In daily life, individuals face many things which are mostly part of their jobs and routine life. These habits can affect their physical and cognitive performance in which all these things can be repaired by effective sleeps. However, when individuals faced plenty of stimulants during or before sleep, it can cause detrimental effects on cognitive performance especially in attention memory due to sleep restriction. At this point, two main terms become important which are acute total and chronic partial sleep deprivation (Alhola & Polo-Kantola, 2007). Although chronic partial sleep restriction is prevalent one and can be mimic of the condition occurring in the real life, acute total sleep deprivation can be transformed into chronic one and has gained more attention in a lot of studies (Alhola & Polo-Kantola, 2007). Several factors such as age, gender, interindividual responses and so on simultaneously play important roles in these phenomenon (Alhola & Polo-Kantola, 2007). Although they seem pretty similar at a first glance, they have bunch of differences especially in terms of cognitive recovery (Alhola & Polo-Kantola, 2007). In this paper, by centering sleep deprivation issue as main topic, we will give important examples on attention related research from previously published papers.
Sleep, Sleep Loss and Underlying Mechanism Behind
Sleep is essential need for body regulation such as main metabolism functions, some tissue recovering and regulations. Sleep varies around 7-8.5 h per day (Alhola & Polo-Kantola, 2007). As long as sleep is not adequate, body and cognitive function will be lost such as impaired immune response, unexpected mood transitions, increased insulin resistance, endocrine abnormalities and so on.
Sleep basically consists of two sections. First is homeostatic process S which runs as long as sleep is needed. Another is circadian process C which is responsible for adjusting threshold between starting and completing point of sleep. This model is essential for examining and defining of sleep deprivation studies (Alhola & Polo-Kantola, 2007).
Many hypotheses have been developed to reveal mechanism behind sleep loss effects regarding cognitive performances. These theories based on briefly two approaches (i) general and (ii) selective. General approaches are proposing that sleep deprivation has general effects on alertness and attention. Other one is related with selective effects on brain structures and cerebral functions (1). Besides, interindividual responses can be included to these approaches (Alhola & Polo-Kantola, 2007).

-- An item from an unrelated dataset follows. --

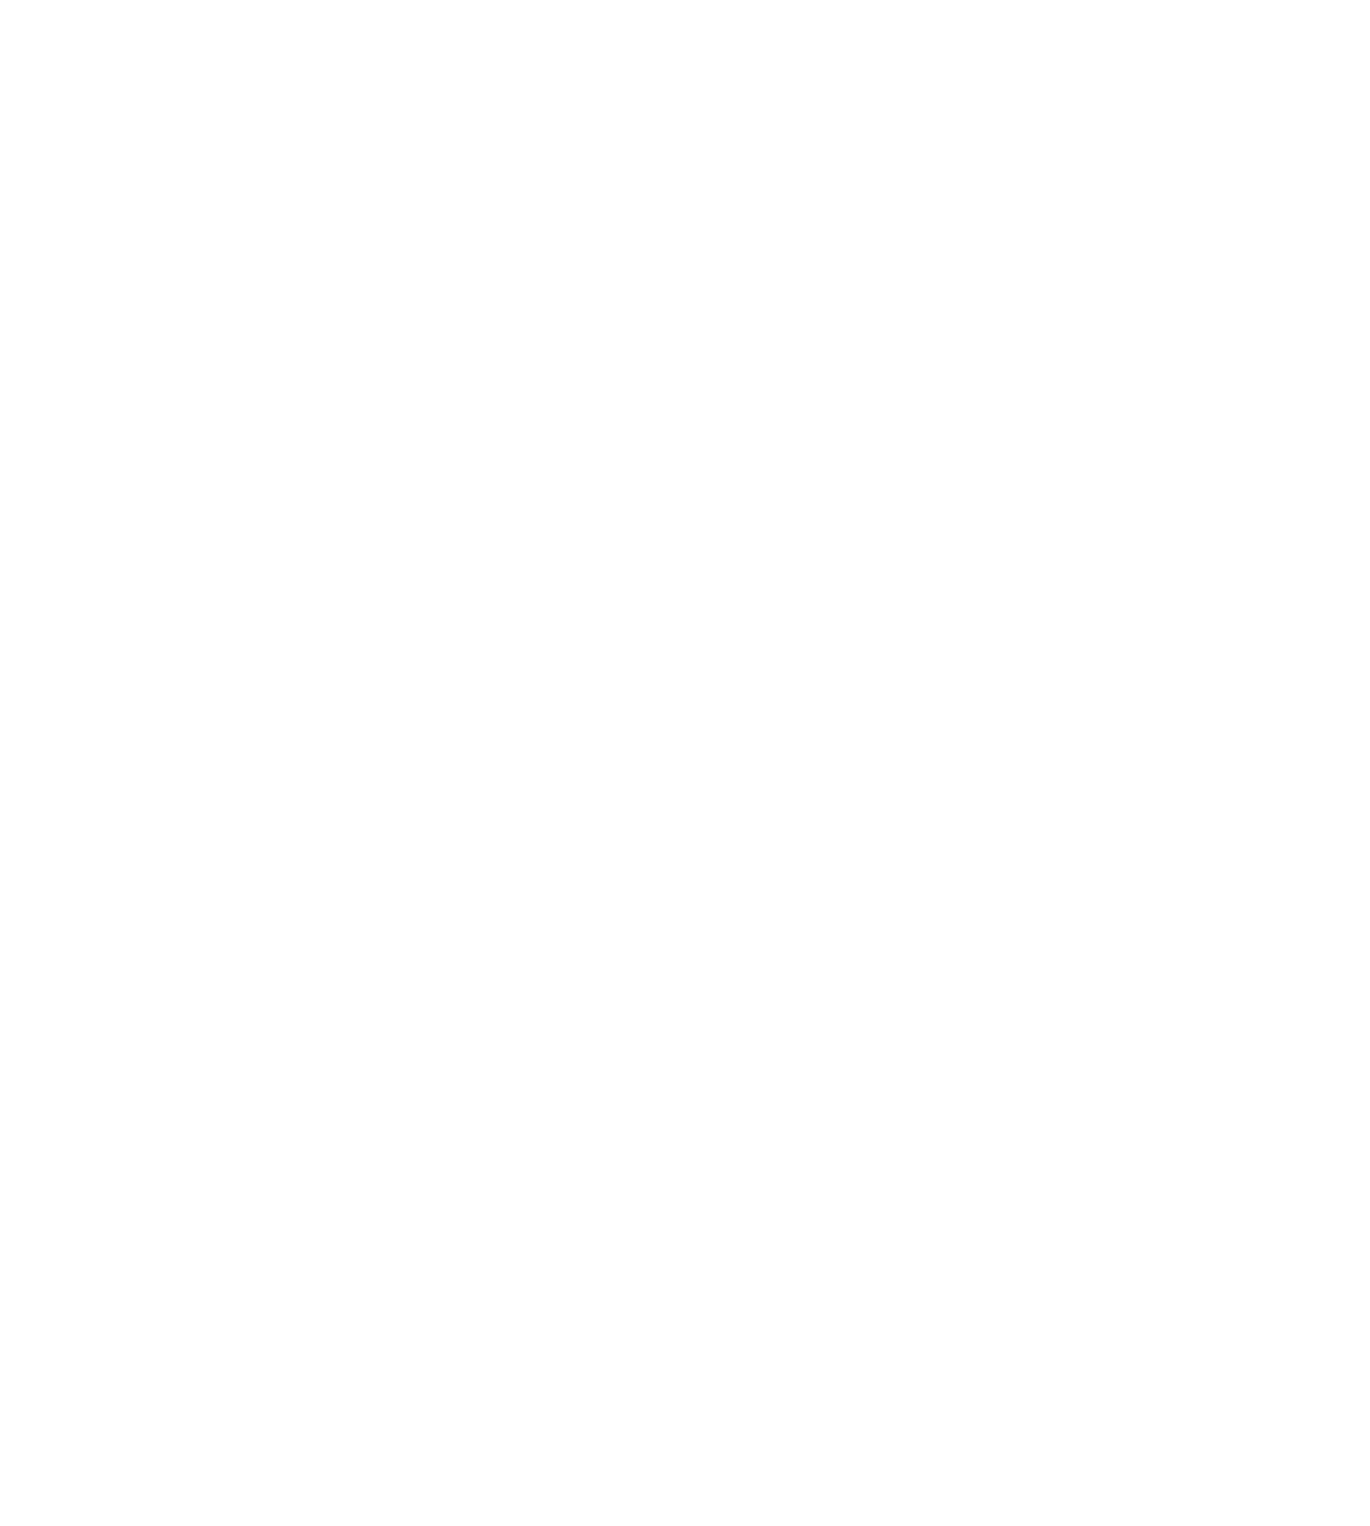 22 Benefits of Trees - TreePeople

According to general approaches, cognitive deteriorations is directly correlated with alertness and attention which assessed three different point of views like lapses, slowed responses and wake state instability (Alhola & Polo-Kantola, 2007). Lapses, in other words, short period of time of inattentiveness, are most crucial phenomena in cognitive impairments according to on lapse theory (Alhola & Polo-Kantola, 2007). Even ifcognitive performances are supposed to be steady between lapses measured by EEG activity, it can be slowed down independent from lapses. As a result of these, individual performance during sleep deprivation through vigilance can be declined especially in their duties which require long working hours and routine simple handling (Alhola & Polo-Kantola, 2007). Apart from lapses and slowing response, wake state instability view reflects that fluctuations in alertness and effort can cause decreased performance during sleep deprivation (Alhola & Polo-Kantola, 2007).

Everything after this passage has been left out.